Impacto de la Impresión 3D en el Comercio Internacional

Impacto de la Impresión 3D en el Comercio Internacional
La impresión tridimensional, conocida como manufactura aditiva, representa una de las técnicas más innovadoras en el campo de la producción. Esta tecnología se basa en la creación de objetos en tres dimensiones a partir de modelos digitales o recursos de diseño asistido por computadora (CAD).
Como es común con las tecnologías emergentes en constante desarrollo, se han generado numerosas predicciones acerca de su impacto en diversas industrias.

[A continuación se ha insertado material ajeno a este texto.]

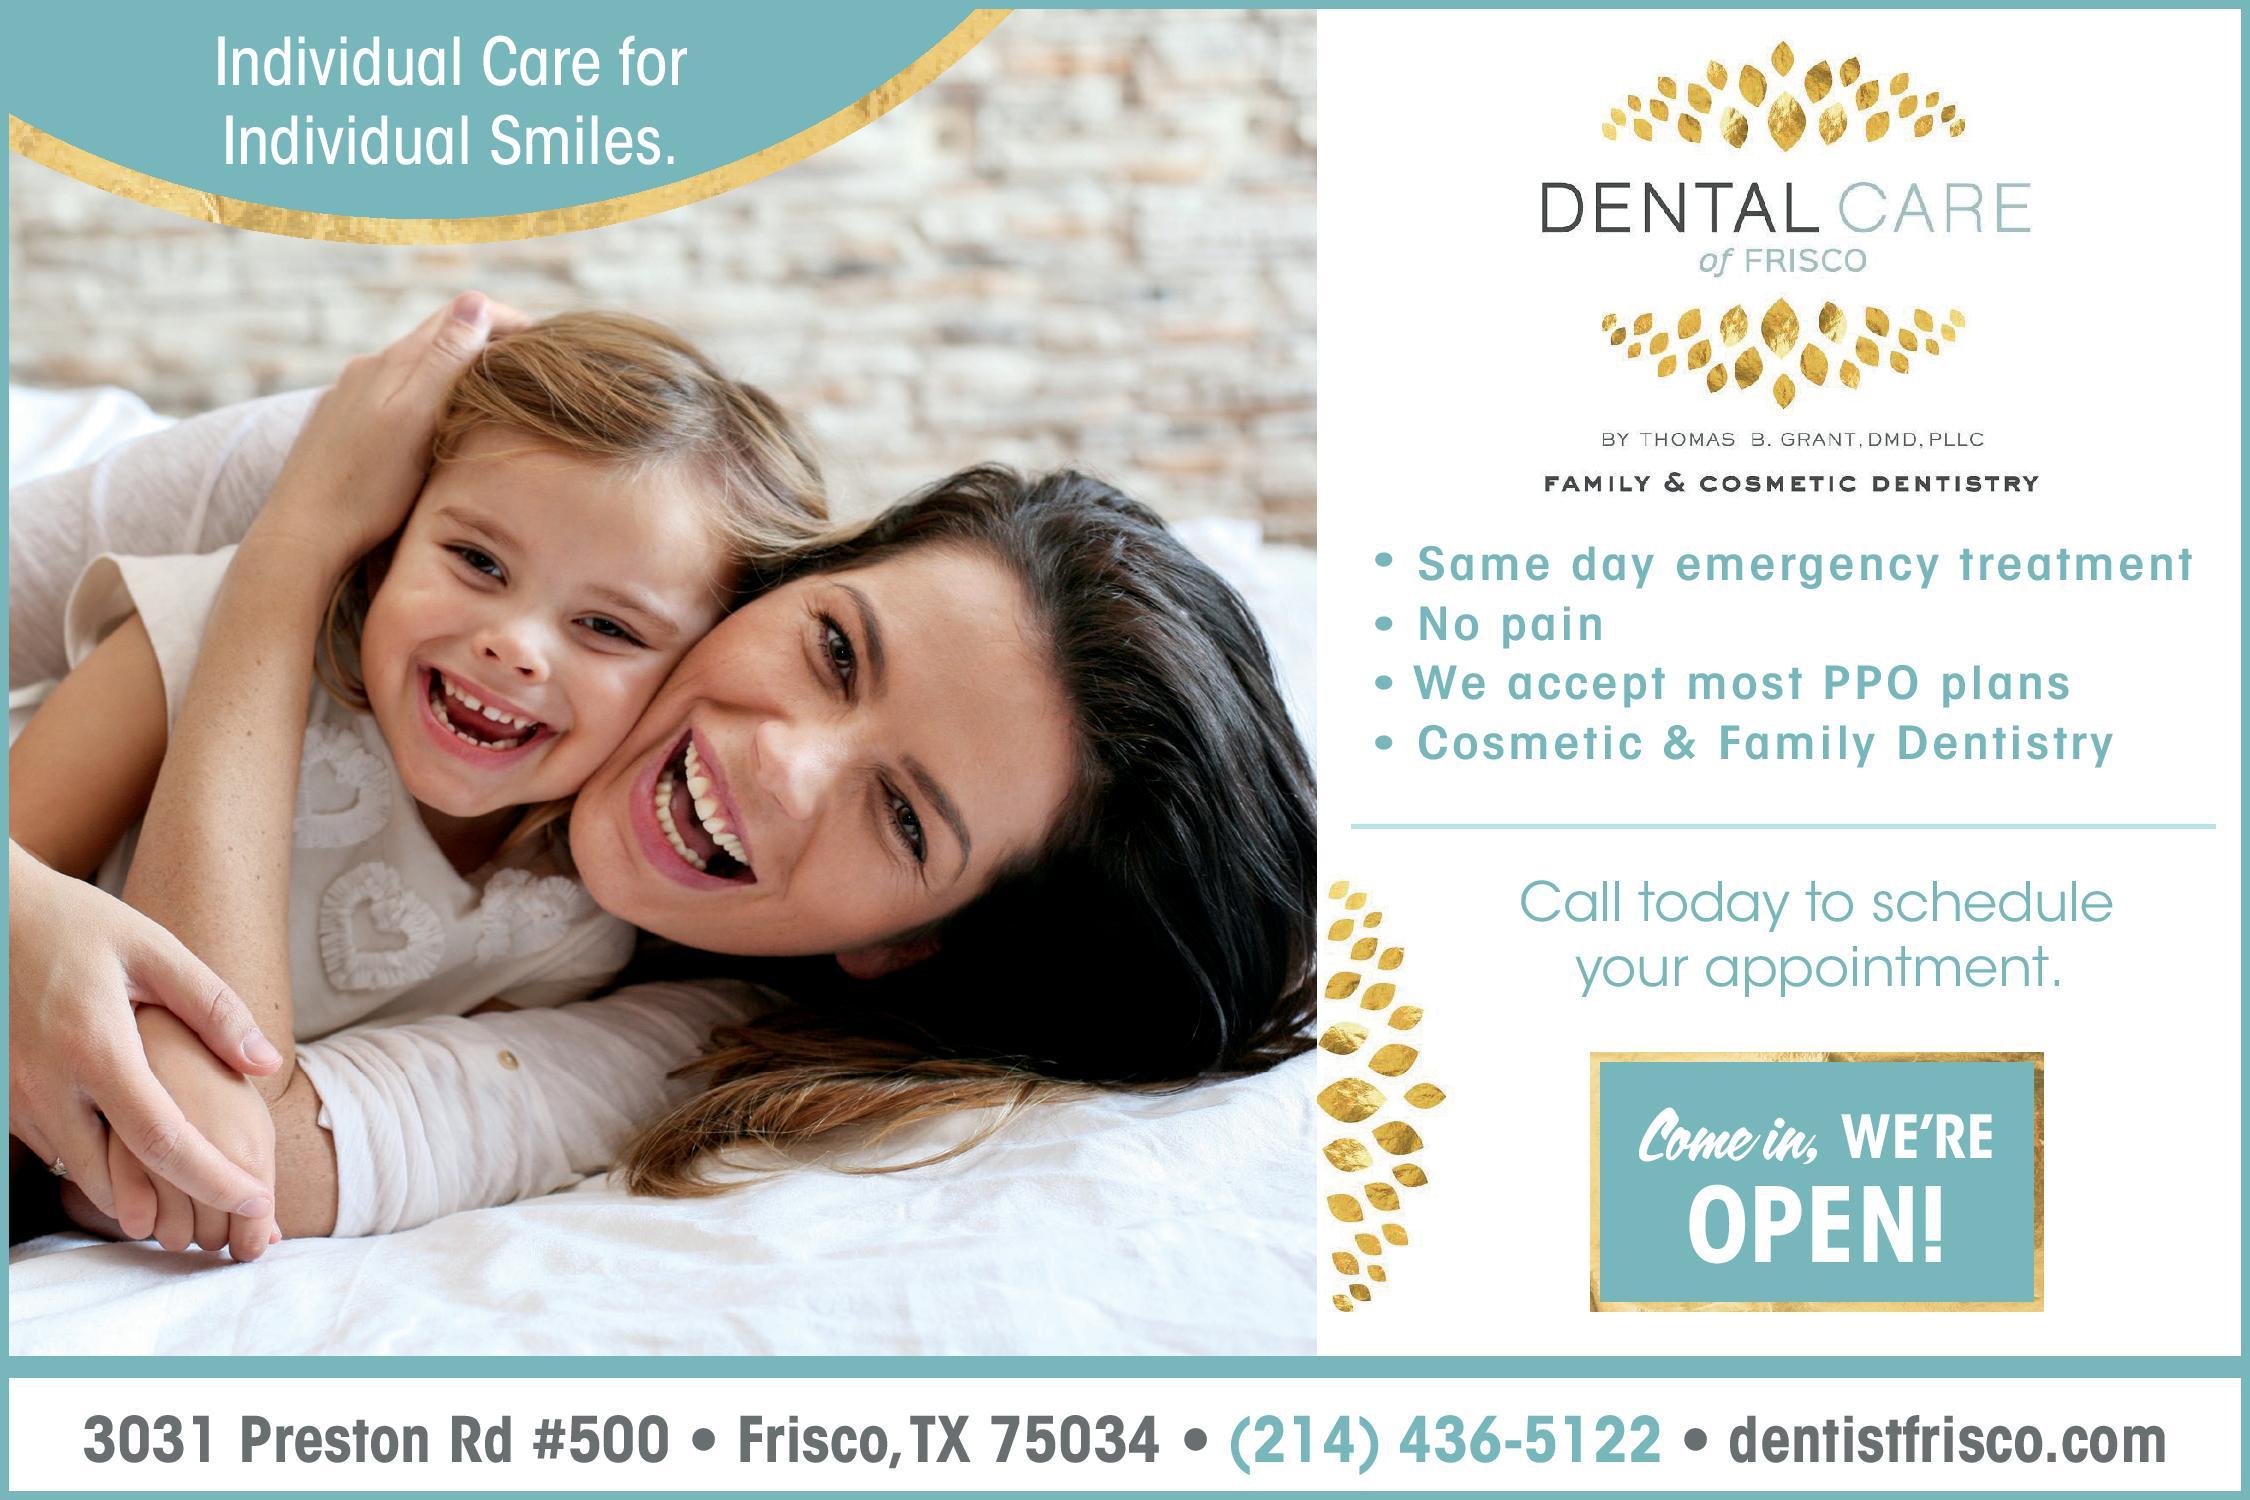 Dentist_Half_1-page-001

En un momento particularmente relevante, el banco holandés ING predijo en 2017 que en las próximas dos décadas, hasta un 50% de los productos manufacturados podrían ser fabricados mediante impresión 3D. Este pronóstico resonó significativamente en la comunidad empresarial.
Este vaticinio provocó un análisis profundo, ya que implicaba cambios drásticos en el comercio global. Raoul Leering, economista macroeconómico, señaló que este pronóstico constituía una alerta para los actores económicos, ya que tenía el potencial de afectar a casi todos los sectores manufactureros. Según ING, esto podría resultar en la desaparición de aproximadamente una cuarta parte del comercio internacional para 2060, incluso antes si se incrementaba la inversión en tecnología de impresión.
Las industrias aeroespacial, de electrónica de consumo y dispositivos médicos eran algunas de las que se preveía que se verían afectadas por el auge de la manufactura aditiva, dado que productos como componentes de aviones o audífonos podrían ser "impresos" en lugar de producirse de manera convencional.
No obstante
¿Qué ha ocurrido desde entonces?
¿Estamos cerca de ver una reducción significativa en el comercio internacional?
¿Se han desplomado los flujos comerciales?
Haciendo una actualización en 2021, ING revisó sus predicciones a la luz de los cuatro años transcurridos desde su investigación inicial. Sorprendentemente, Raoul Leering afirmó que la impresión 3D aún se encuentra en sus etapas iniciales y que, por el momento, su impacto en el comercio transfronterizo es mínimo.
Uno de los factores que influyó en esta revisión fue la caída de la demanda de tecnología de impresión 3D en 2020, lo que llevó a una disminución del 7.5% en los ingresos de las empresas que la utilizan. Esto contrastó con un crecimiento anual promedio del 25.2% en los tres años anteriores. El principal culpable de esta desaceleración, como en muchas áreas, fue la pandemia de COVID-19.
A pesar de las predicciones iniciales y las expectativas elevadas, la pregunta crucial sigue siendo si la manufactura aditiva afectará al comercio internacional de la manera pronosticada.
Sin embargo existe otro grupo de economistas que expresan su escepticismo al respecto. Estos argumentan que, aunque la lógica respalda la idea de una cadena de suministro digital y la producción localizada, se requiere un nivel significativo de habilidades para operar máquinas de impresión 3D en ciertas ubicaciones.
Además, señalaron que ciertas industrias y productos, como materias primas y energía, probablemente no serían reemplazados por la impresión 3D. Este grupo sugiere que habría limitaciones naturales para la adopción masiva de la impresión 3D en todas las industrias.
En última instancia, la impresión 3D no es una tecnología que se adopte fácilmente a gran escala. Si bien puede tener un impacto en las cadenas de suministro locales y ciertas aplicaciones específicas, seguirá habiendo un elemento de comercio global debido a las disparidades en la capacidad de fabricación y la idoneidad de esta tecnología en diversas industrias.
Además, la inversión en la tecnología de impresión 3D varía según las regiones y los gobiernos, lo que también podría influir en su adopción y en su impacto en el comercio internacional. En este momento, Estados Unidos lidera en la adopción de la fabricación aditiva, respaldado por un fuerte apoyo gubernamental, mientras que otros lugares como la Unión Europea, Asia y el Reino Unido están realizando esfuerzos menos significativos en este sentido.
En resumen, si bien la impresión 3D es una tecnología prometedora con el potencial de cambiar la forma en que se fabrican los productos, su impacto en el comercio internacional aún está por verse y podría ser más limitado de lo que se predijo inicialmente.